JPH0430332A - Detecting system for stain in optical disk device - Google Patents

Abstract

PURPOSE:To accurately decide the necessity of cleaning by counting the number of all defect sectors present in a prescribed range with the retrieval of an alternate map and outputting a cleaning requirement when a counted number exceeds a prescribed value. CONSTITUTION:An alternate map generating means 101 allocates a selector of a user area 101b of an optical disk when a correction disable error takes place in the area 101b to the alternate area 101c of the optical disk medium, writes sequentially the address of a defect sector and a sector address allocated to the area 101c to an alternate map area 101a to generate an alternate map. A range setting means 102 sets a prescribed range adjacent to the defect sector of the area 101b causing a correction disable error. A counting means 103 retrieves an alternate map to count the number of all defect sectors present within a prescribed range set by the means 102 and a comparator means 104 compares the counted number with a prescribed value to request cleaning when the counted number exceeds the prescribed value. Thus, the cost of the device is reduced without need for a special device to discriminate the stain of a disk medium.

Description

[Detailed Description of the Invention] [Summary] Regarding a dirt detection method for an optical disk device that detects dirt on the optical disk medium or optical head of the optical disk device and issues a cleaning request, a special sensor mechanism is not used to determine dirt. The purpose is to detect dirt on optical disk media and optical heads and accurately determine the need for cleaning.When an uncorrectable error occurs in the user area of the optical disk medium or the user area used, the user Creating a replacement map that allocates sectors of the area to a replacement area of the optical disk medium and sequentially writes the address of the bad sector that has caused an uncorrectable error in the user area and the allocated sector address of the replacement area to the replacement map area of the optical disk medium. means, range setting means for setting a predetermined range adjacent to the bad sector in the user area in which an uncorrectable error has occurred, and changing the number of all bad sectors existing in the predetermined range set by the range setting means. It has a counting means for searching and counting the map, and a comparison means for comparing the count counted by the counting means with a predetermined value and detecting dirt and issuing a cleaning request when the predetermined value is exceeded. do.

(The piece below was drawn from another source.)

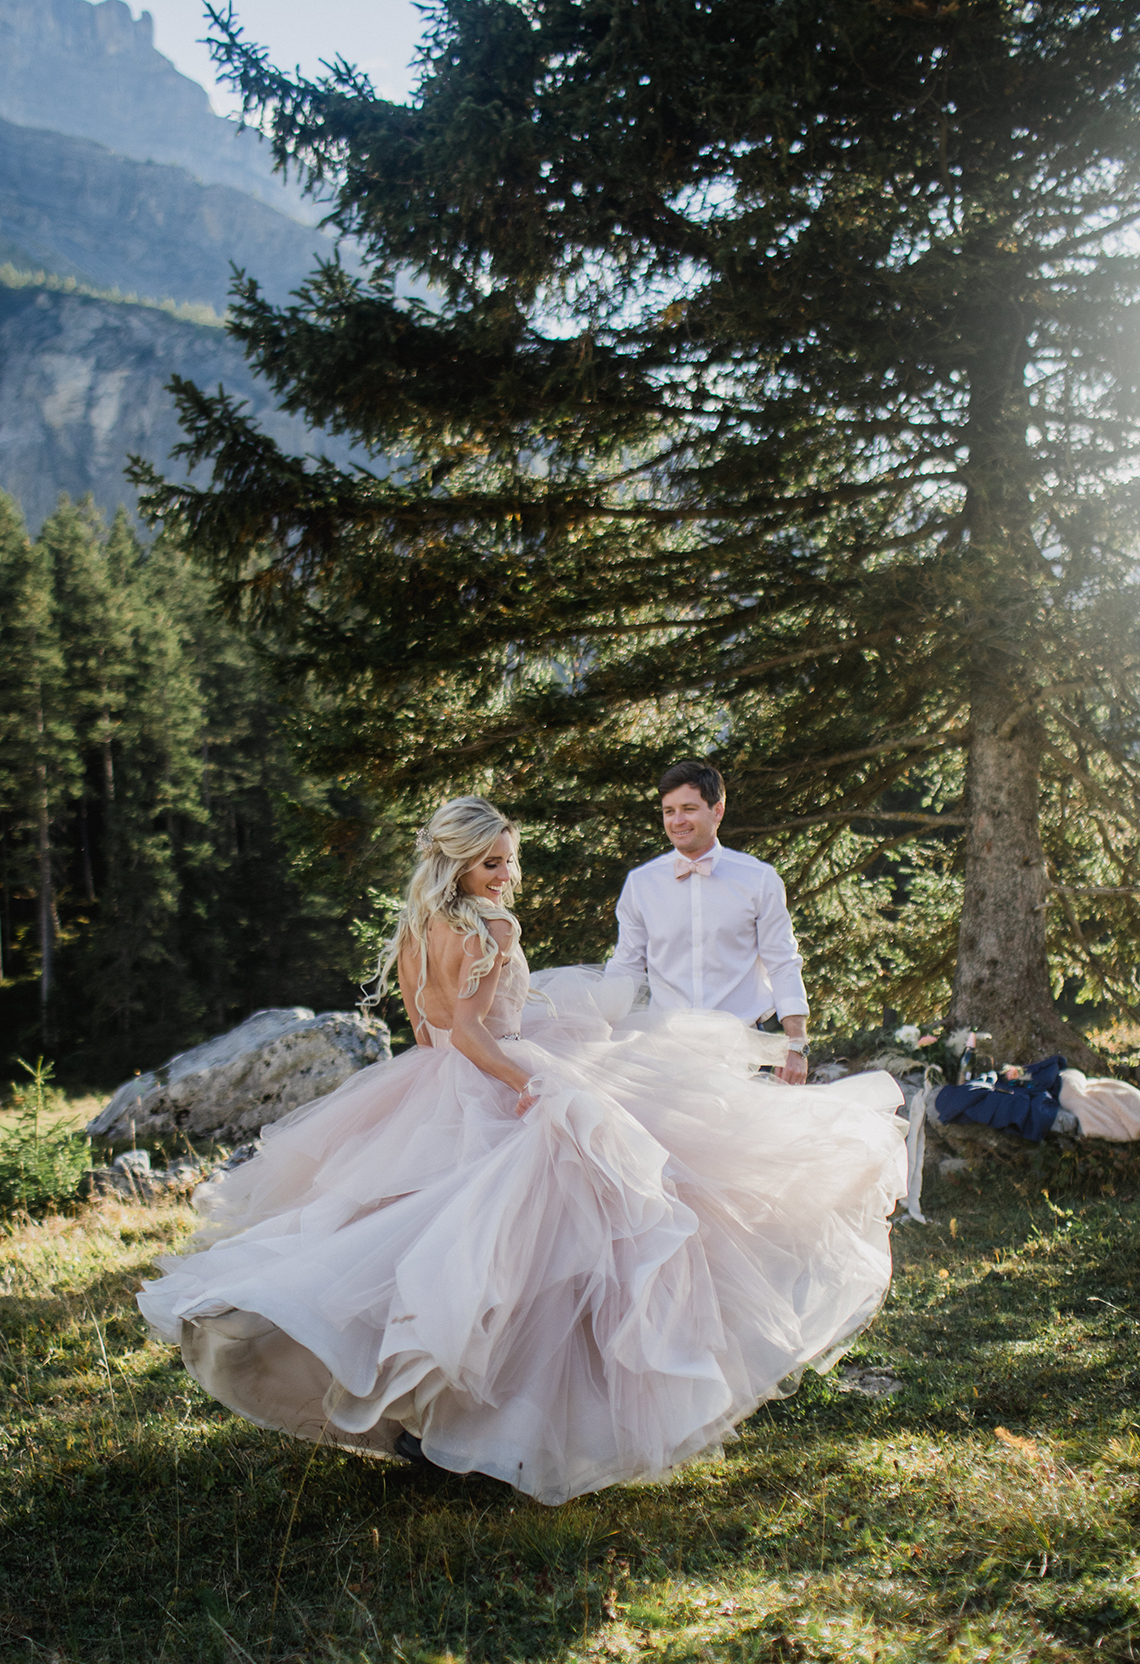 Amazing Adventurous Swiss Alps Mountain Wedding – Unveiled Radiance Photography 67

[Industrial application field]

The present invention relates to a dirt detection method for an optical disk device, and more particularly to a dirt detection method for an optical disk device that detects dirt on an optical disk medium or an optical head of the optical disk device and issues a cleaning request.

Since optical disk devices use laser light, data errors are likely to occur due to dirt on the optical disk medium or optical head, and it is essential to clean the optical disk medium and optical head to improve data reliability.

[Conventional technology]

In the conventional cleaning method for optical disk devices, the first method is to write data in sector units, then read this data and write an error correction code (ECC: HRROR).
Check using C0RRECT C0DE),
Alternatively, an ECC check is performed on the read data during reading, and a sector in which an uncorrectable error occurs is determined to be a bad sector, and if this bad sector occurs more than a predetermined number of times,
It was determined that the optical disk medium was dirty and requested cleaning.

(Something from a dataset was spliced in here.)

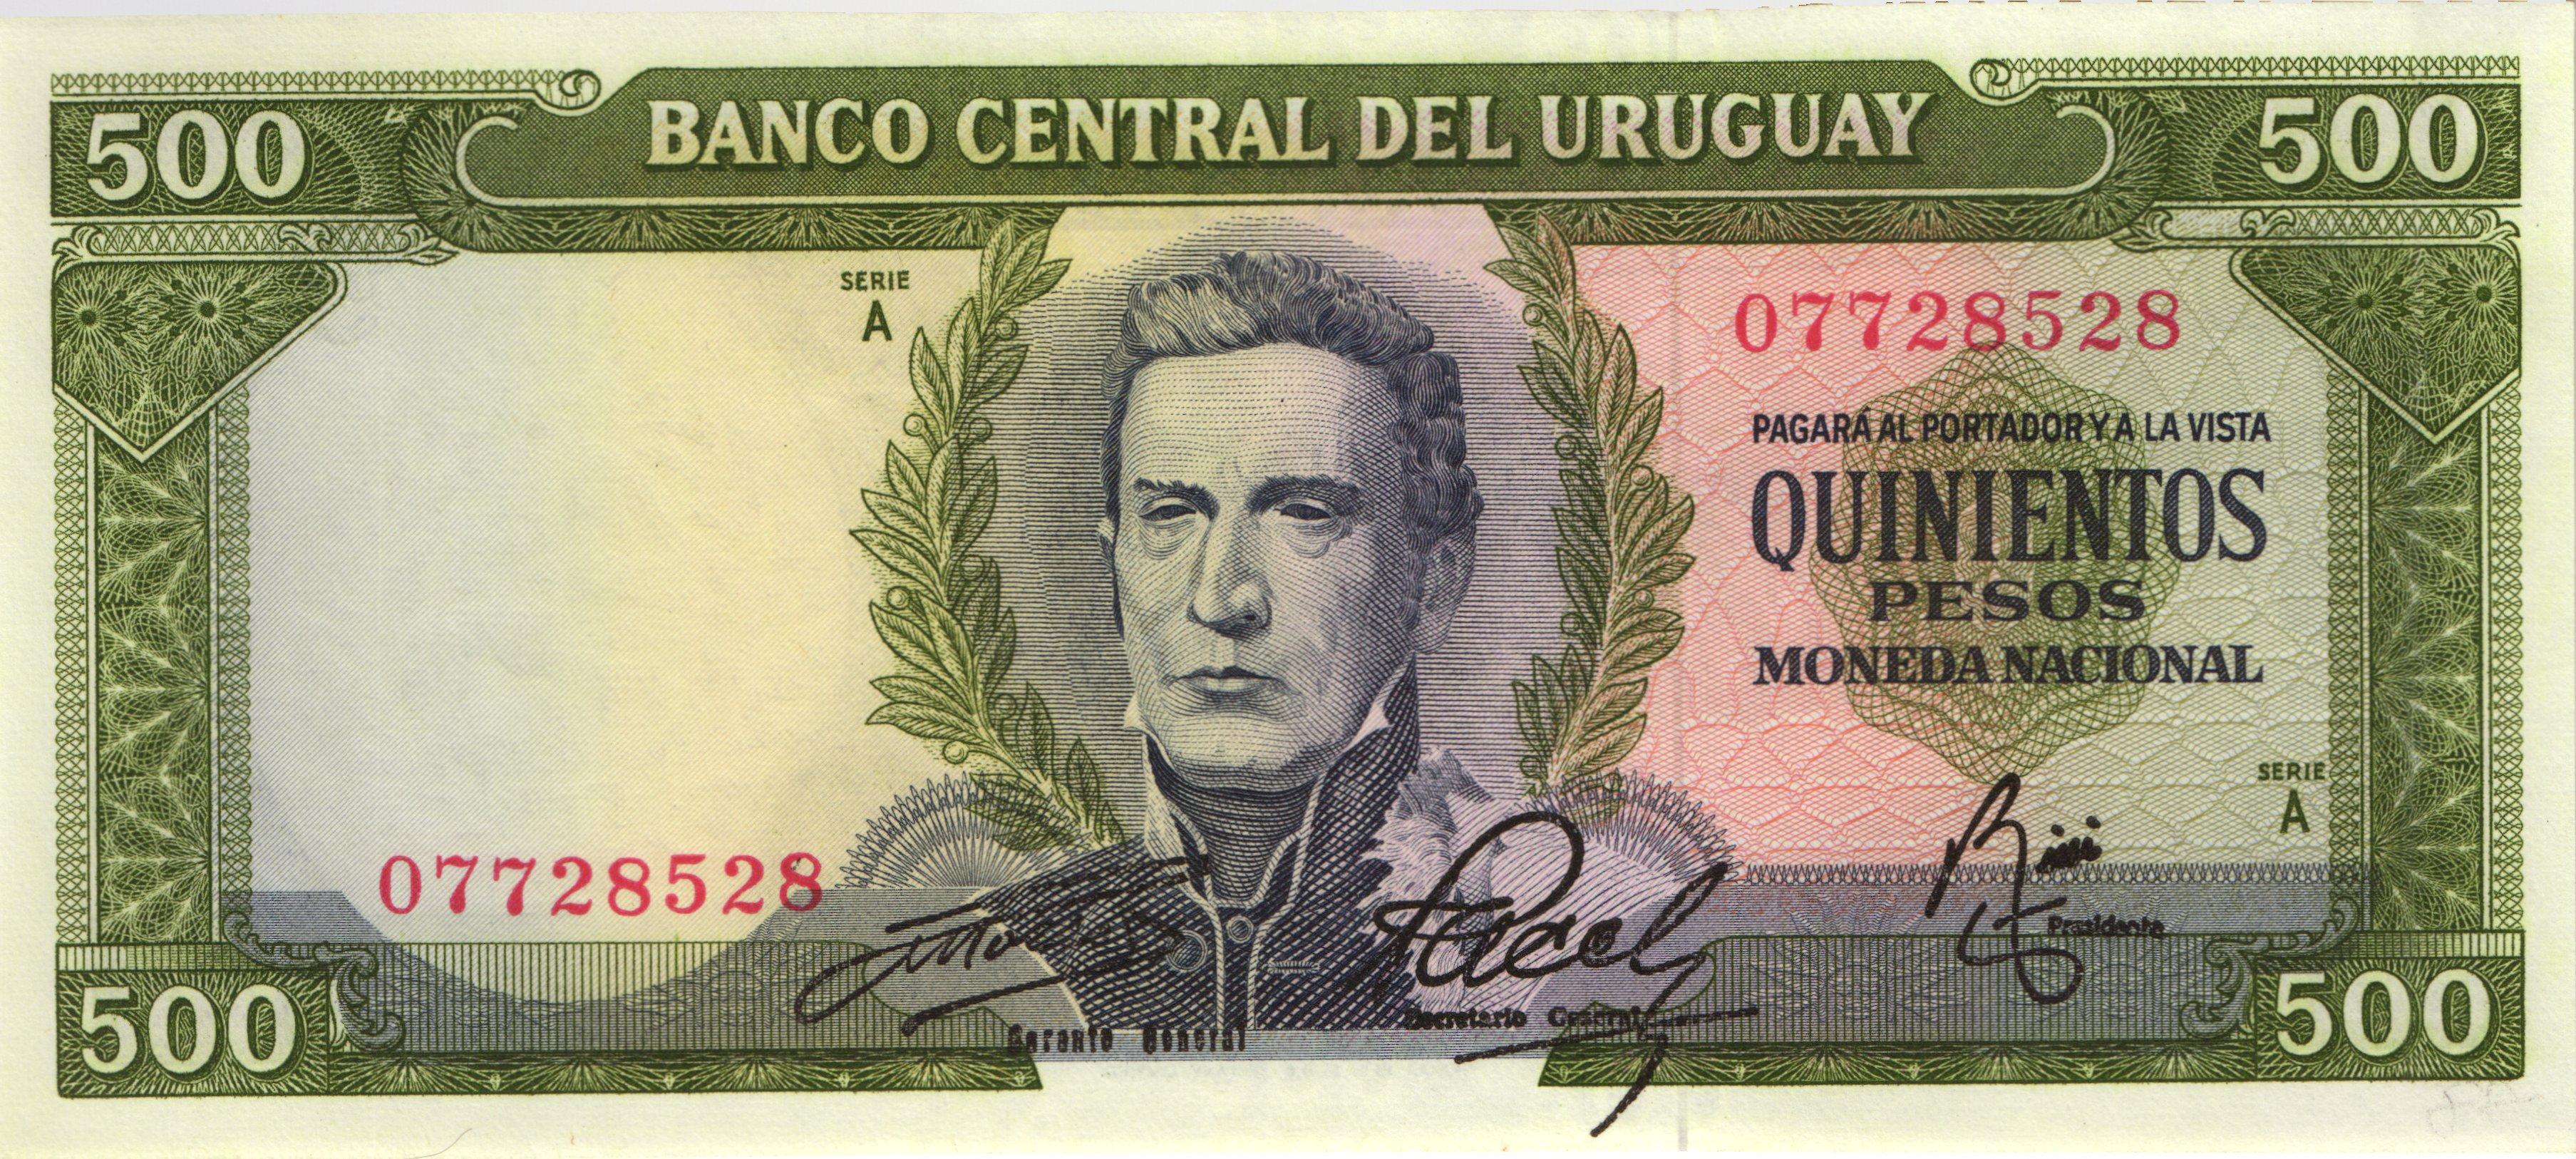 RealBanknotes.com > Uruguay p78a: 500 Pesos Uruguayos from

As a second method, a complicated mechanism such as a sensor function is provided to detect dirt, and the sensor checks the optical disc medium of the optical disc device to detect dirt.

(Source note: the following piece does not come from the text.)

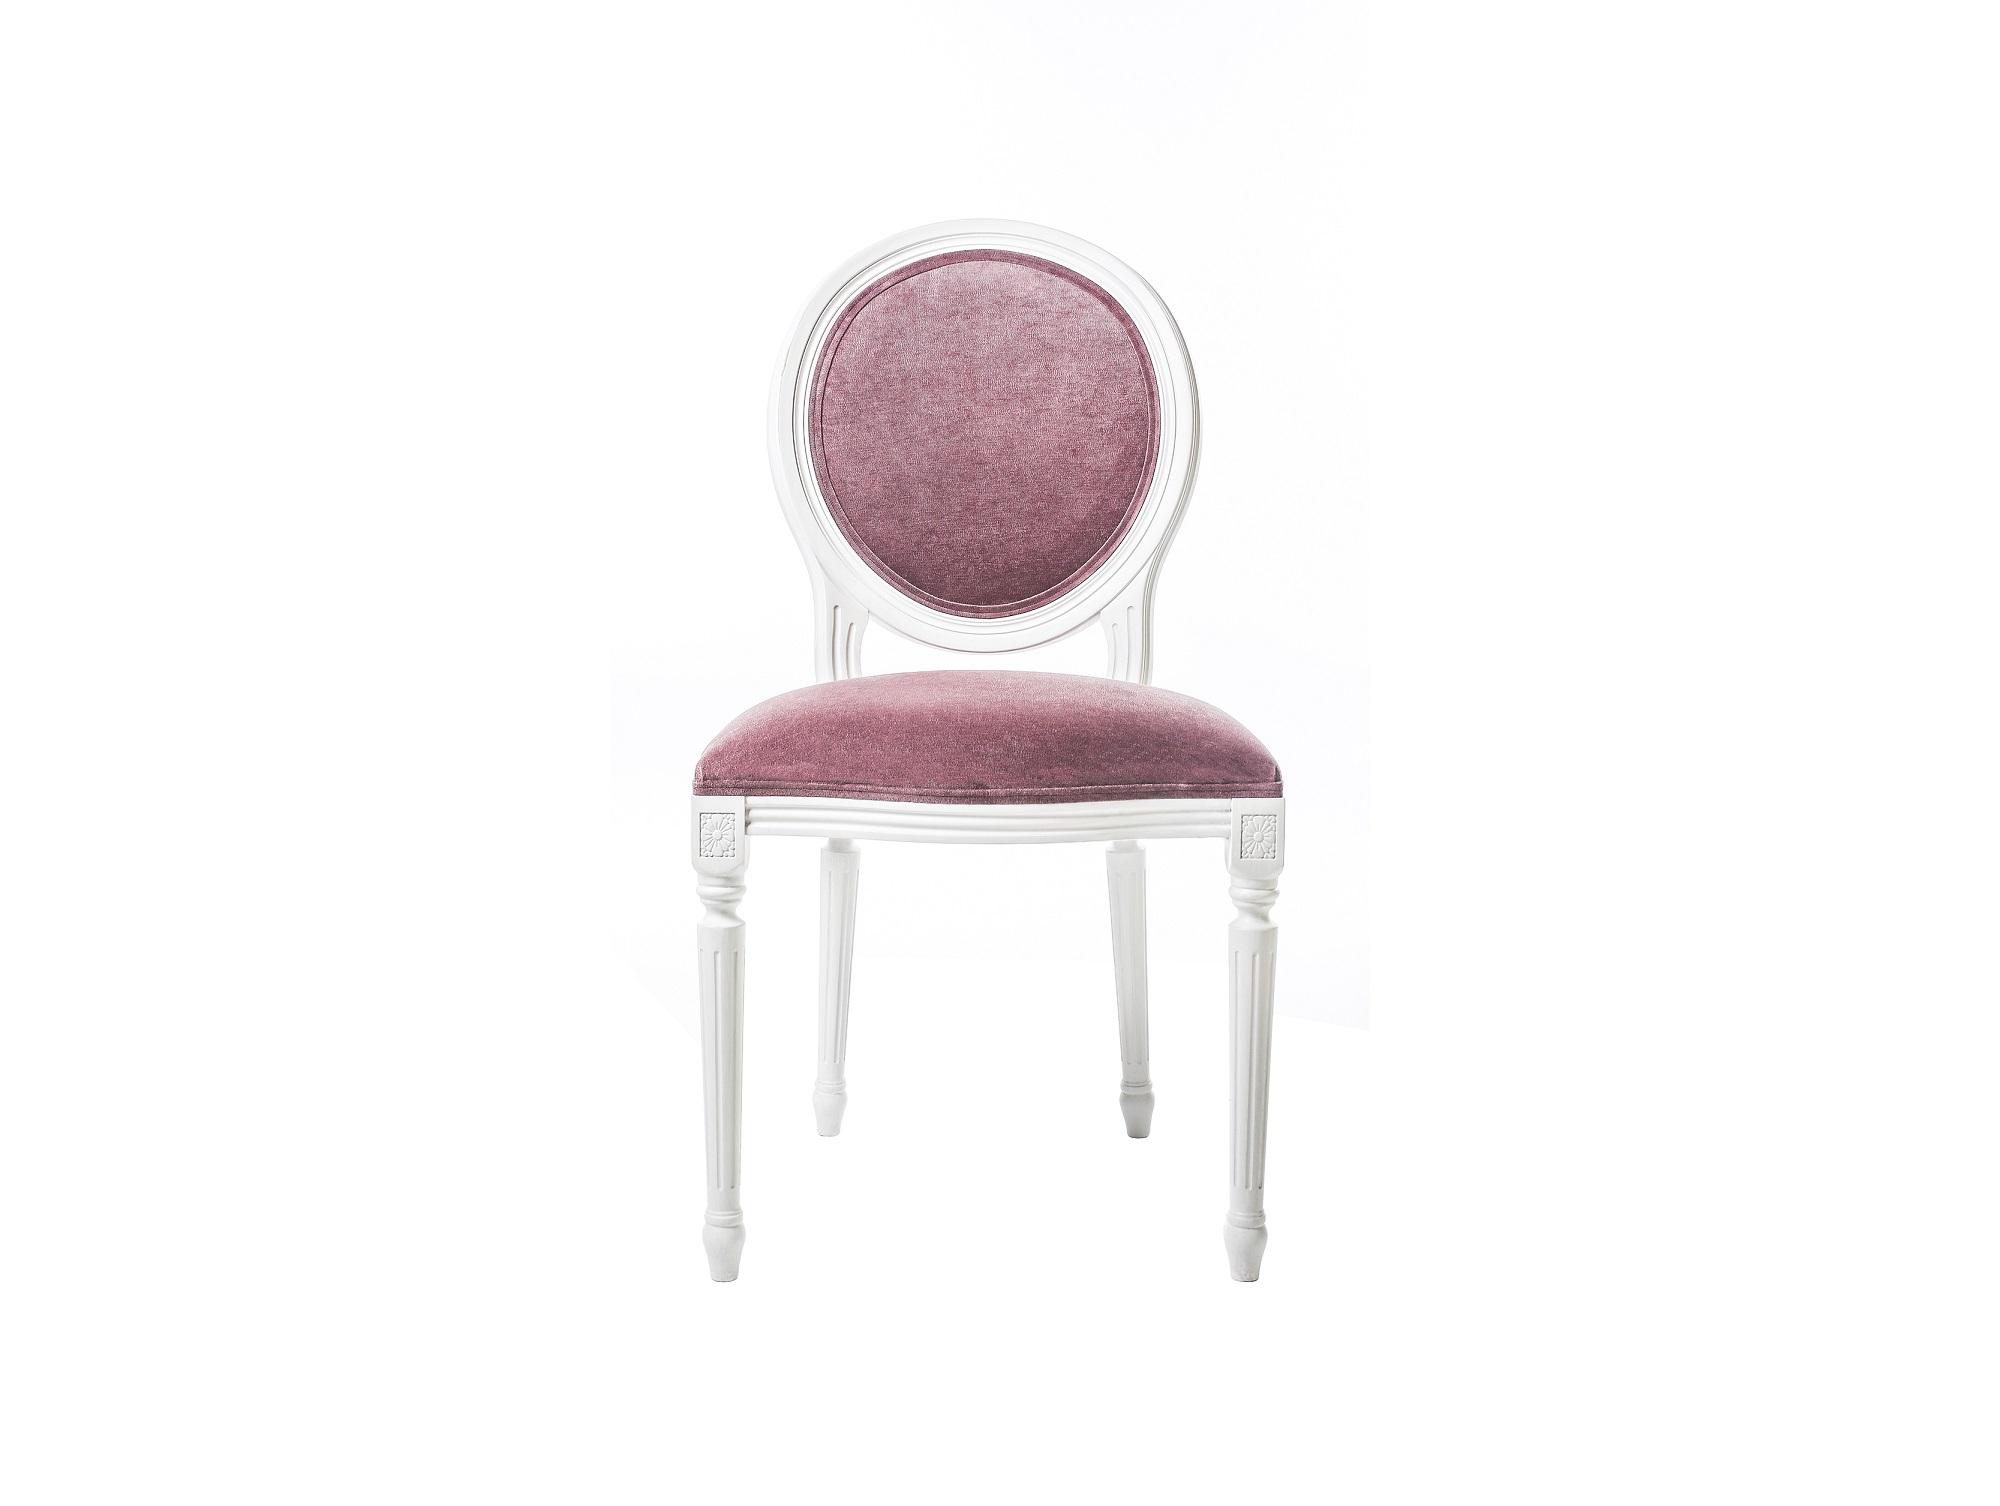 Кухонный стул La Neige 15443655 от thefurnish

[Invention or problem to be solved]

With the conventional first method, even if there is dirt in the same place,
Each time this dirty part is accessed, the number of bad sectors occurring in that dirty part increases, and there is a problem in that there is a high possibility that a cleaning request will be made even though cleaning is not necessary.

In the second method, a mechanism for determining dirt is built into the device itself, which is not suitable for reducing the size and weight of the device and increases costs.

The present invention has been made in view of the above points, and the present invention detects dirt on an optical disc medium or optical head without using a special sensor mechanism to determine dirt, and accurately determines the need for cleaning. The purpose is to provide a detection method.

[Means to solve the problem]

FIG. 1 is a diagram explaining the principle of the present invention.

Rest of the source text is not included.